08-03-2018 , 01:20 PM
FWIW I suspect that Obama wrongly internalized some of the Permanent Democratic Majority and Fukuyama's End of History style stuff such that the cosmopolitan pluralist liberalism ideals were entrenched and forever, and he favored an incremental approach with maximum accommodation to the GOP because he assumed a lot of the rest could come later once the GOP's political standing became untenable.

I *think* if you sort of listen to the narrative and tone of how Obama and Democratic leadership describe the era, you get that sense, that they thought this was sort of Step 1 to a more progressive country and we'd do single payer in a decade or so once all the truly regressive Boomers died off, and the arc of justice is long but we'll all get there eventually.
08-03-2018 , 01:25 PM
Yeah, I recall hearing people voice that kind of expectation. Goes along with the whole "tragic death of the GOP" thing.
08-03-2018 , 01:43 PM
Quote:
Originally Posted by O.A.F.K.1.1
So UK spend 124 Billion on UHC for ~70M people (less but rounding up for ease of comparison).

Pop of USA is ~5 times bigger (less but yadda yadda etc)
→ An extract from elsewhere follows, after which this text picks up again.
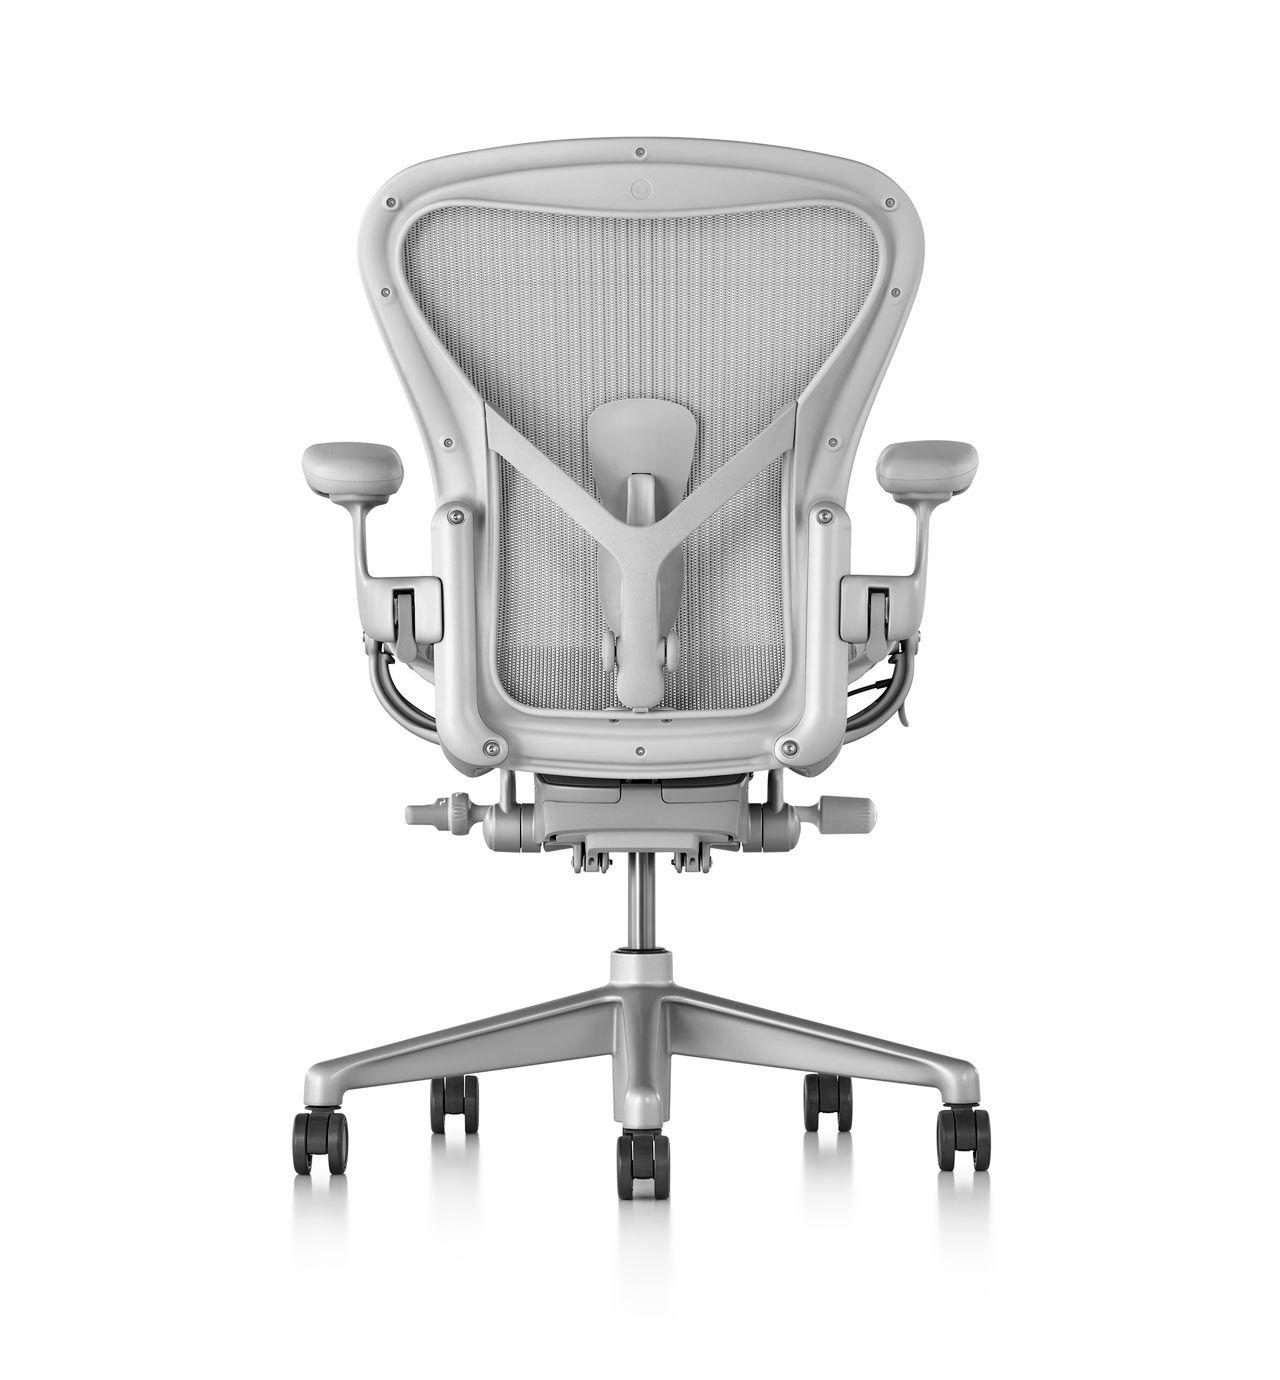 Herman Miller's Aeron® Chair Gets Remastered Work chair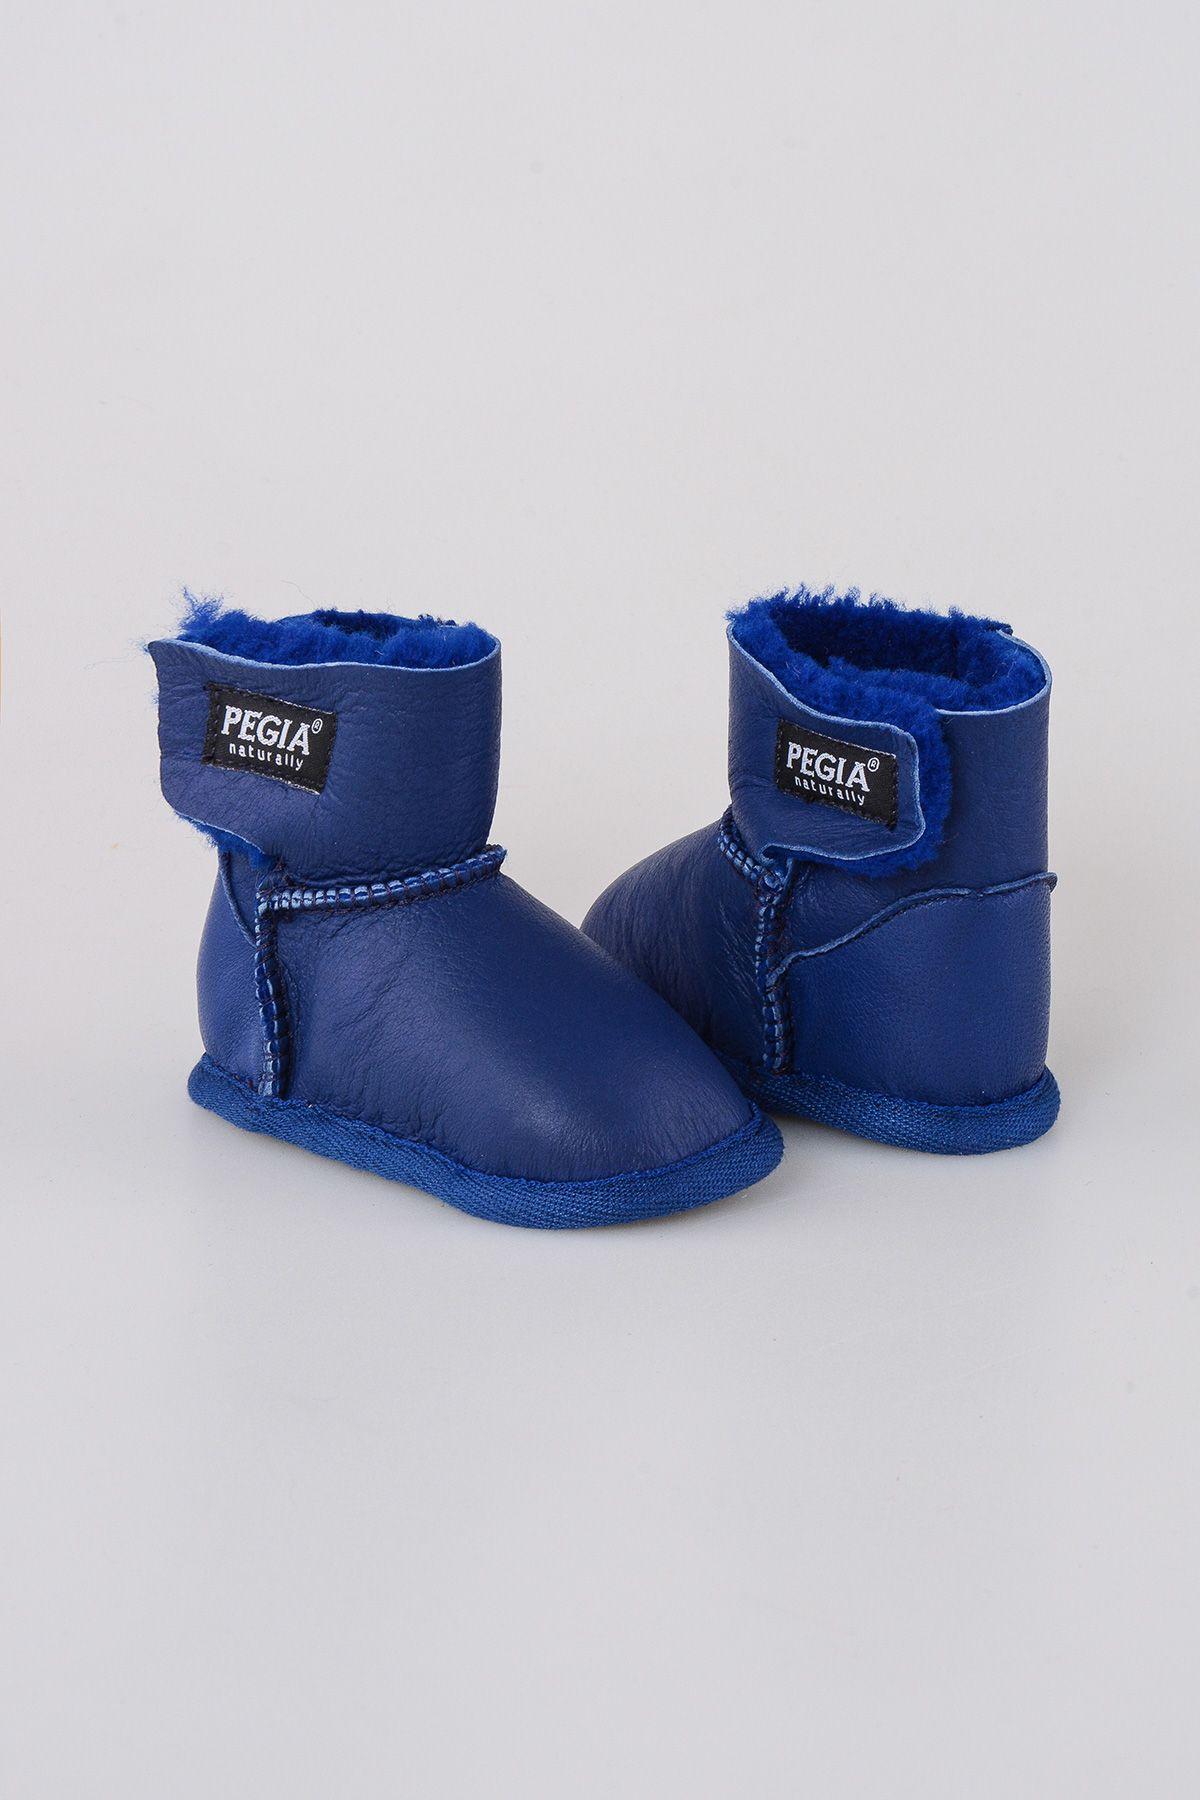 Pegia Hakiki Kürk Bebek Patiği 143005 Mavi

Is 620 Billion the same as 32 trillion?
32 trillion over 10 years.

Also the UK spends more like 191 billion as of 2016 according to a quick Google, and it was going up at 3% per year, so probably more like 202 billion this year. And oh, wait, that was in pounds... Currently 1 pound = 1.3 dollars. So make that 263 billion.

We have 4.96 times as many people, which makes it 1.3 trillion per year. Suddenly instead of the US spending ~50 times as much per person under a Medicare for All plan, it would be less than 2.5 times as much.

But wait, it's even less significant of a gap. Due to inflation, year one of the 32 trillion calculation should be the cheapest, and we didn't even add inflation for next year to the calculation on the UK's costs.

Lastly, there's probably way less rationing of care under Medicare for All than under the NHS... But I could be wrong about that.

Spoiler:
And of course Americans are way less healthy than Brits.